British confectioner Cadbury's CBRY.L agreement to a takeover bid by U.S. food manufacturer Kraft Foods (KFT.N) also bolstered the pound on the view that the deal underlined the appeal of UK assets to overseas investors.
Government figures showed consumer prices rose 0.6 percent in December, taking the annual rate to 2.9 percent from 1.9 percent in November, the biggest monthly rise in the annual index since records began. [ID:nONS004728]
A rise to 2.6 percent had been forecast. The reading also exceeded the BoE's 2 percent inflation target.
Analysts said the data, along with other buoyant indicators in the past week, supported the case for the central bank to cease buying domestic assets from the market to stimulate the economy.
"The CPI numbers are certainly helping sterling," said Kenneth Broux, market economist at Lloyd's Banking in London.

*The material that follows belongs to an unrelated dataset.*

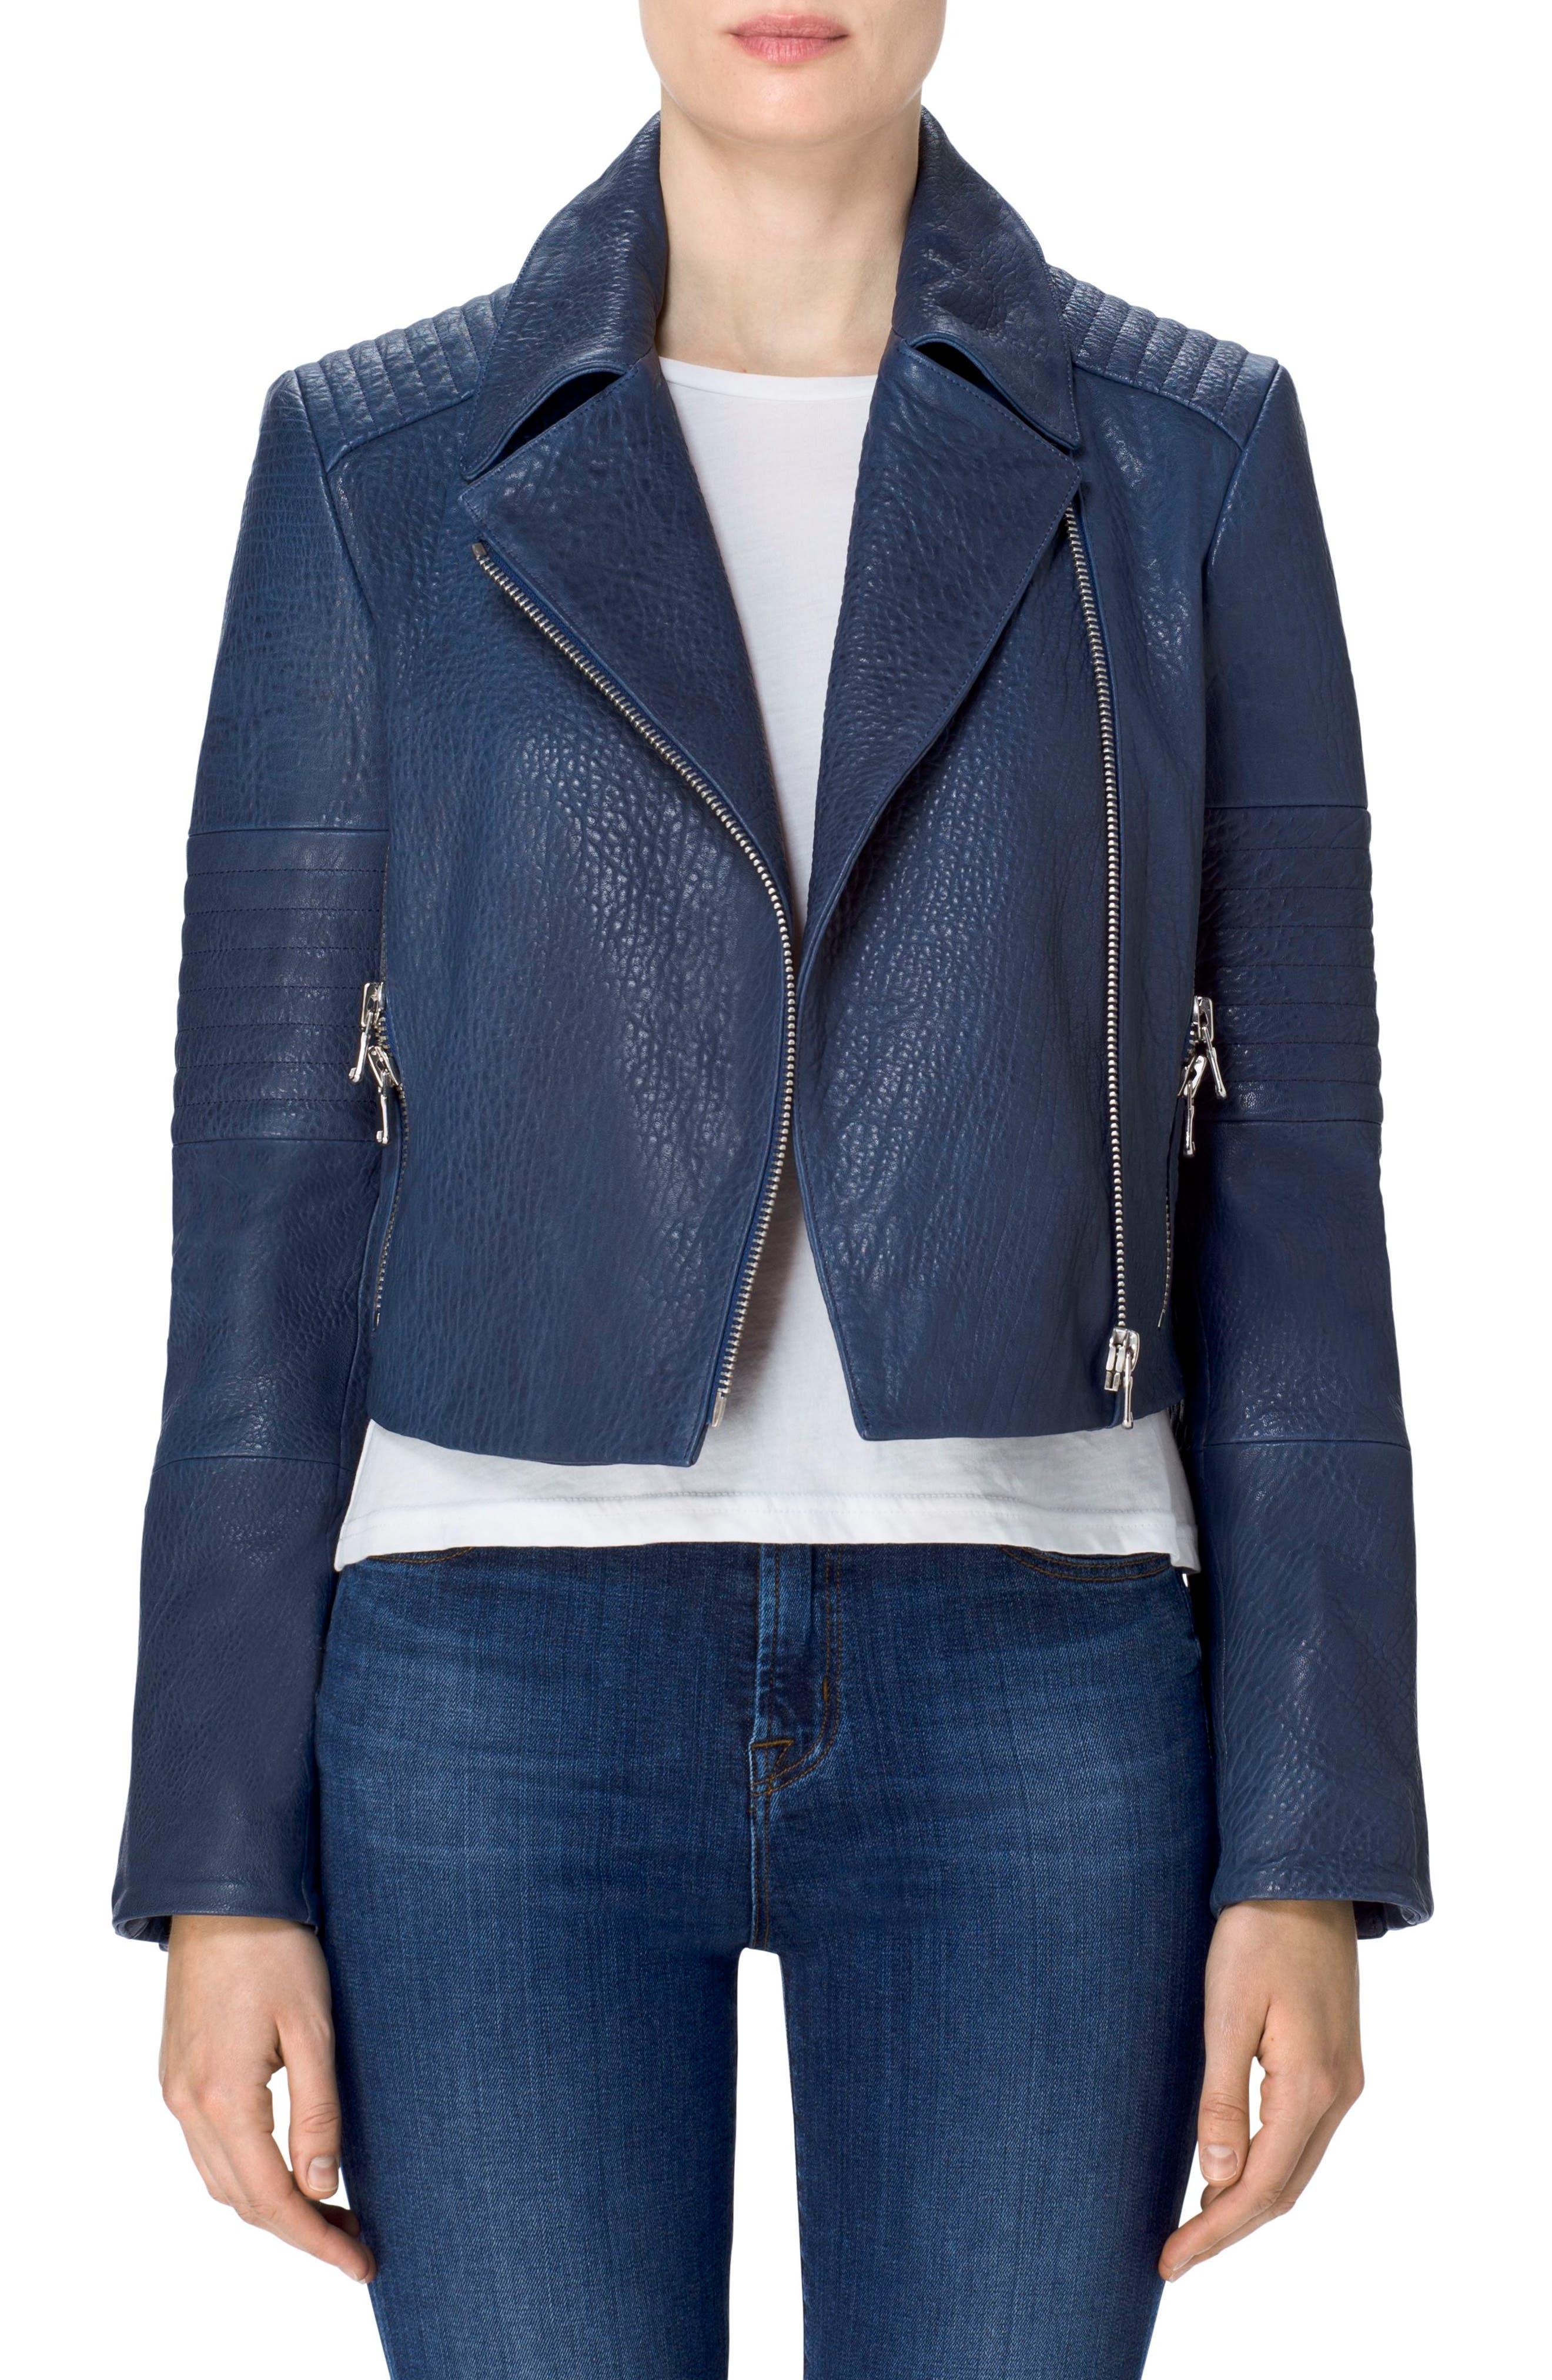 Alternate Image 1 Selected - J Brand Aiah Leather Moto Jacket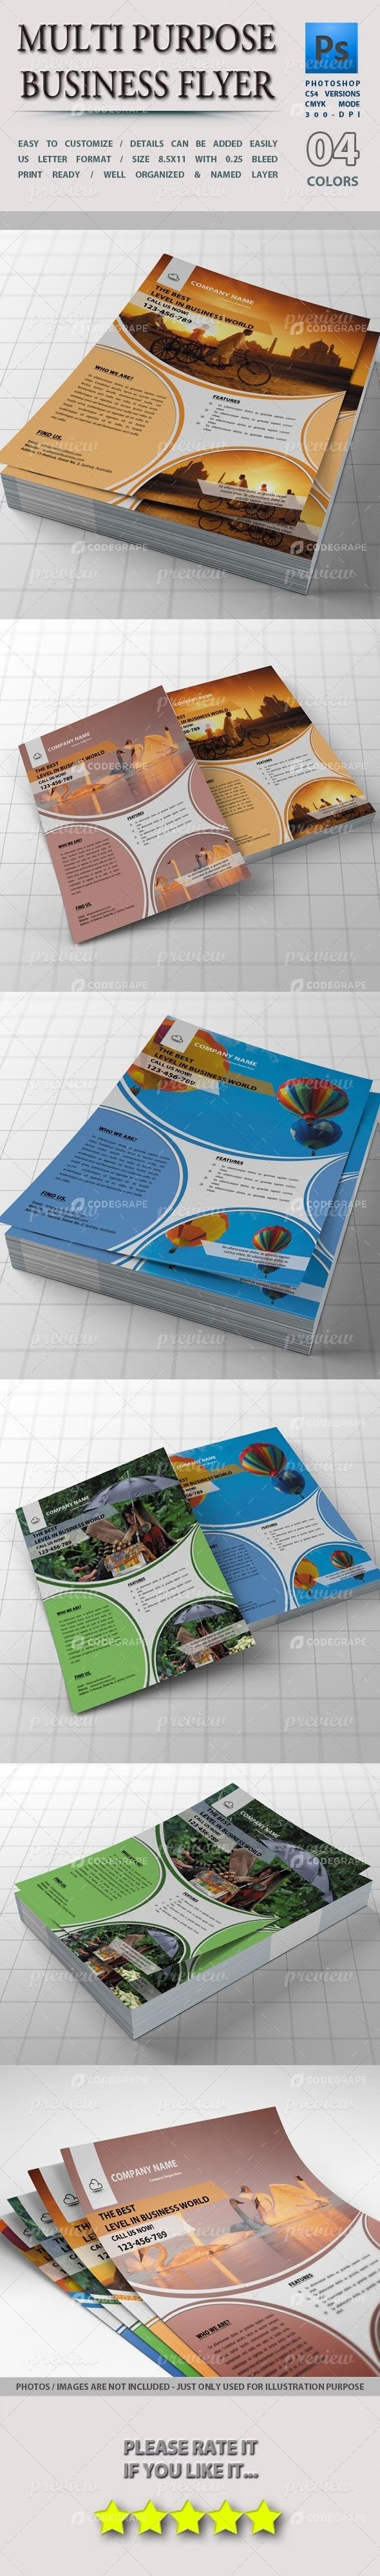 Multi-Purpose Business Flyer

"All the inflation measures were up. It's going to be very hard for the BoE to continue quantitative easing."
By 1015 GMT, sterling rallied to 87.30 pence per euro EURGBP=D4, its highest since mid-September.
The euro fell more than 0.8 percent on the day, falling decisively below its 200-day moving average around 88.40 pence, in what analysts said was a sign the single currency may remain weak versus the pound.
A weak survey of German economic sentiment stung the euro, which has been under broad selling pressure in the past week due to escalating concerns about the bloated debts of euro zone member Greece.
Sterling GBP=D4 climbed as high as $1.6459 following the UK CPI data to a level not seen since early December, before pulling back to around $1.6408.
Traders said the pound was drawing support from an announcement that Kraft had agreed a recommended takeover deal for Cadbury for around 11.9 billion pounds, which would create the world's top confectioner. [ID:nL9294700]
END TO QE?
Buoyant economic data on the UK housing market, industrial production and retail sales have boosted sterling in the past week or so, luring investors who have become jittery about debt levels in some euro zone countries and question the strength of the U.S. economic recovery.
While many investors still believe the Bank of England will be among the last of the major central banks to raise interest rates as the economy slowly improves, analysts say the argument for an end to quantitative easing is strengthening.
Markets awaited a speech by BoE Governor Mervyn King later on Tuesday to see if he will offer any clues to whether the central bank may or may not to extend its 200 billion pound asset-purchasing plan, which runs out in February.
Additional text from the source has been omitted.